**Exercise objective**
The range starts at the line containing "Maison Labiche Kapok" and ends at the last line of the records below. Reproduce those lines exactly.

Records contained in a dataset
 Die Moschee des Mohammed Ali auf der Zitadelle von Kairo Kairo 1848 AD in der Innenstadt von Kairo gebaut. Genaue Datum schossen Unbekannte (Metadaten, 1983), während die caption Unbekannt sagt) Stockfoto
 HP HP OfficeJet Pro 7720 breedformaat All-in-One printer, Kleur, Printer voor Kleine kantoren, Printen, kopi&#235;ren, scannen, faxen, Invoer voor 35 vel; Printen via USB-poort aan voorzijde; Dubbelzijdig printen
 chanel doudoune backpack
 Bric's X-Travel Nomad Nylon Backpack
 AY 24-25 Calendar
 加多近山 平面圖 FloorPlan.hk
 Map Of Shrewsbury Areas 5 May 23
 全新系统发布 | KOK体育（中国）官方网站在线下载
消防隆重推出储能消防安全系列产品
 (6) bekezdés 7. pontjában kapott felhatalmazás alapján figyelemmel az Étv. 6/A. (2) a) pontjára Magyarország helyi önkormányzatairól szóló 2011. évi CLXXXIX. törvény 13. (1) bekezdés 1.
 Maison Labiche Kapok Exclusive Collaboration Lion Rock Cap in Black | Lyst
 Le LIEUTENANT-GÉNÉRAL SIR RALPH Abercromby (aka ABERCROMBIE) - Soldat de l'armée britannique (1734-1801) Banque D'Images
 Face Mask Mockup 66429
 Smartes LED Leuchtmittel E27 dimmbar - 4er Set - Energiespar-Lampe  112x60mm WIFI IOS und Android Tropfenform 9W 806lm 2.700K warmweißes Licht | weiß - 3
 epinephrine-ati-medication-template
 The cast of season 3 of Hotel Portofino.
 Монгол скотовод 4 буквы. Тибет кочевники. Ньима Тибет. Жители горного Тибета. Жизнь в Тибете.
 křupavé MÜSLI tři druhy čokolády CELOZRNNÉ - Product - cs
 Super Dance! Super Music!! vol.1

**Solution for this task**
 Maison Labiche Kapok Exclusive Collaboration Lion Rock Cap in Black | Lyst
 Le LIEUTENANT-GÉNÉRAL SIR RALPH Abercromby (aka ABERCROMBIE) - Soldat de l'armée britannique (1734-1801) Banque D'Images
 Face Mask Mockup 66429
 Smartes LED Leuchtmittel E27 dimmbar - 4er Set - Energiespar-Lampe  112x60mm WIFI IOS und Android Tropfenform 9W 806lm 2.700K warmweißes Licht | weiß - 3
 epinephrine-ati-medication-template
 The cast of season 3 of Hotel Portofino.
 Монгол скотовод 4 буквы. Тибет кочевники. Ньима Тибет. Жители горного Тибета. Жизнь в Тибете.
 křupavé MÜSLI tři druhy čokolády CELOZRNNÉ - Product - cs
 Super Dance! Super Music!! vol.1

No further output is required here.